Le camarade Shuisky ne voit pas que, étant donné la faiblesse des cadres
communistes en Ukraine, ce mouvement, toujours dirigé par l'intelligentsia non
communiste, peut ici et là prendre le caractère (...) d'une lutte contre "Moscou",
contre les Russes, contre la culture russe et sa plus haute contribution - contre le
léninisme.
Je ne dirai pas qu'un tel danger est de plus en plus réel en Ukraine. Je dirai
seulement que même certains communistes ukrainiens ne sont pas exempts de tels
défauts.
Dans un article publié dans la presse ukrainienne, le célèbre communiste
Khvylovy*** exige la "dé-russification immédiate du prolétariat" en Ukraine et la
suppression de "la poésie ukrainienne de la littérature russe, de son style". Sa
déclaration selon laquelle "les idées du prolétariat nous sont connues sans
l'intervention de Moscou", sa passion pour une sorte de rôle messianique de la
"jeune" intelligentsia ukrainienne, sa tentative naïve et non marxiste de détacher la
culture de la politique - tout cela et plus encore semble plus qu'étrange maintenant
dans la bouche d'un communiste ukrainien (il ne peut en être autrement).
Alors que les prolétaires d'Europe occidentale et leurs partis communistes sont
pleins de sympathie pour "Moscou", pour cette citadelle du mouvement
révolutionnaire international et du léninisme, alors que les prolétaires d'Europe
occidentale regardent avec admiration la bannière flottant à Moscou, le communiste
ukrainien Khvylovy n'a plus rien à dire en faveur de "Moscou". Et appelle les
dirigeants ukrainiens à fuir "Moscou" "dès que possible". Et cela s'appelle alors
l'internationalisme !
3. Que peut-on dire des autres intellectuels ukrainiens du camp non communiste
lorsque les communistes commencent à parler ainsi, et non seulement à parler, mais
à écrire dans notre presse soviétique et à adopter la formulation du camarade.
Khvylovy adopte ?
Le camarade Shuisky, quant à lui, ne considère le nouveau mouvement en Ukraine
pour la culture ukrainienne que du point de vue extrême du camarade. Khlovylovy
dans les rangs des communistes. Le camarade ne comprend pas que ce n'est que
dans la lutte contre de tels extrêmes que la culture et le public ukrainiens émergents
peuvent être transformés en faveur d'une culture et d'un public soviétiques.
Staline, 26 avril 1926.
Notes
* L.M. Kaganovich était alors secrétaire général du PC(b)U ; Staline l'a envoyé en
Ukraine pour combattre les excès de l'ukrainisation.

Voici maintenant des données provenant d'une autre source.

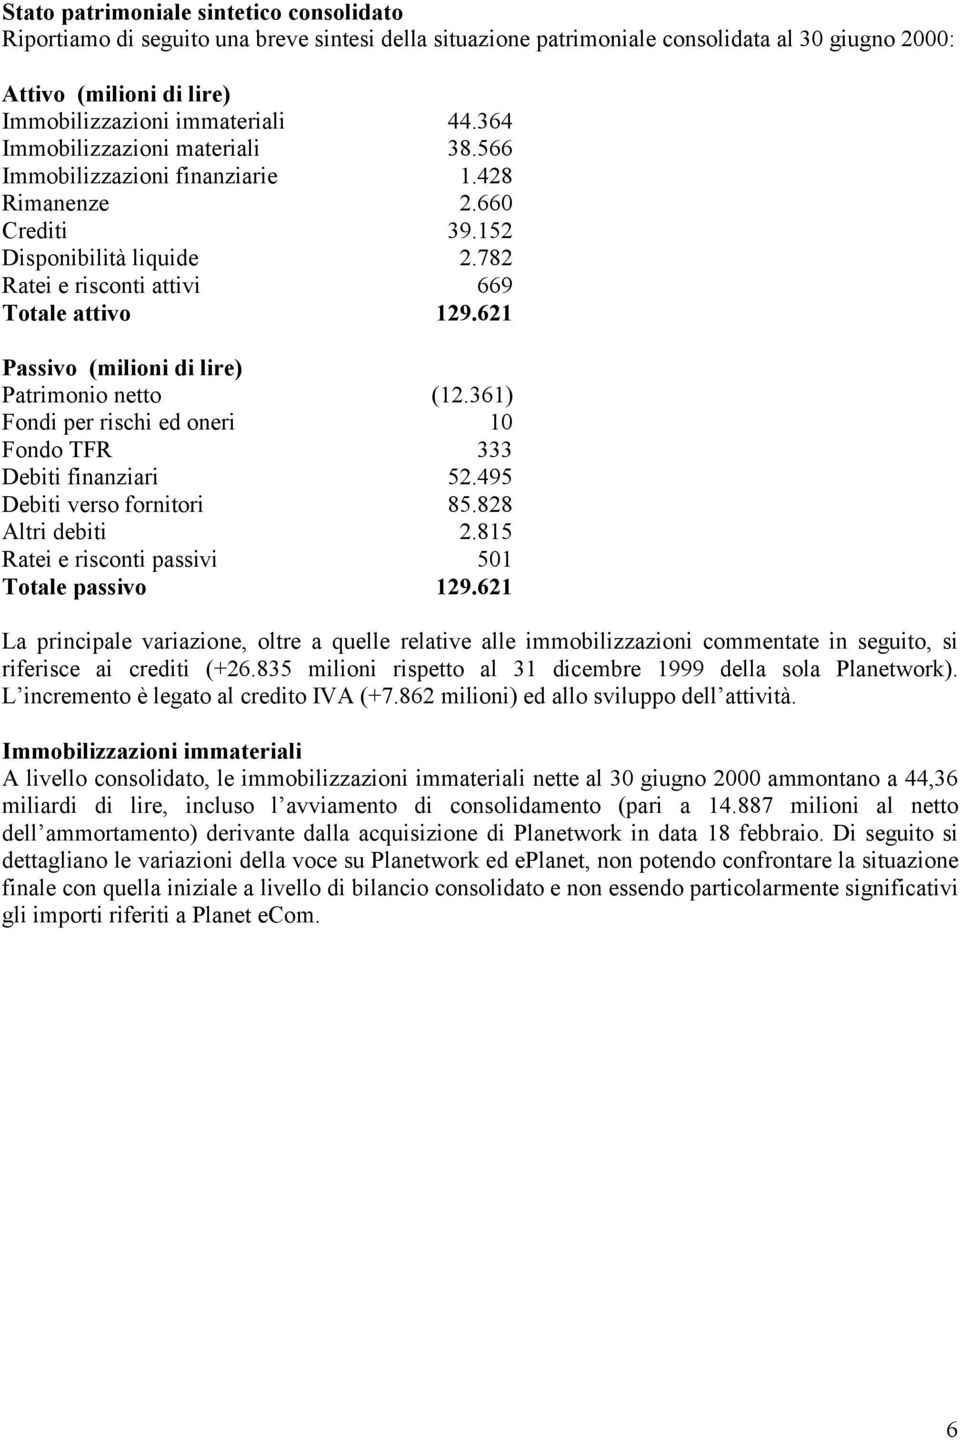 621 Passivo (milioni di lire) Patrimonio netto (12.361) Fondi per rischi ed oneri 10 Fondo TFR 333 Debiti finanziari 52.495 Debiti verso fornitori 85.828 Altri debiti 2.

** Alexander Yakovlevich Shuisky (1890-1946) - ancien révolutionnaire social de
gauche, a été chef du Commissariat du peuple à l'éducation en Ukraine en 1924-
1927.
*** Mykola Khvylevoy (de son vrai nom Nikolai Grigorievich Fitilev, 1893 - 1933) -
prosateur, poète et publiciste ukrainien. Le théoricien du national-communisme
ukrainien et l'auteur du slogan "Sortez de Moscou !" (ukr. Sortez de Moscou !).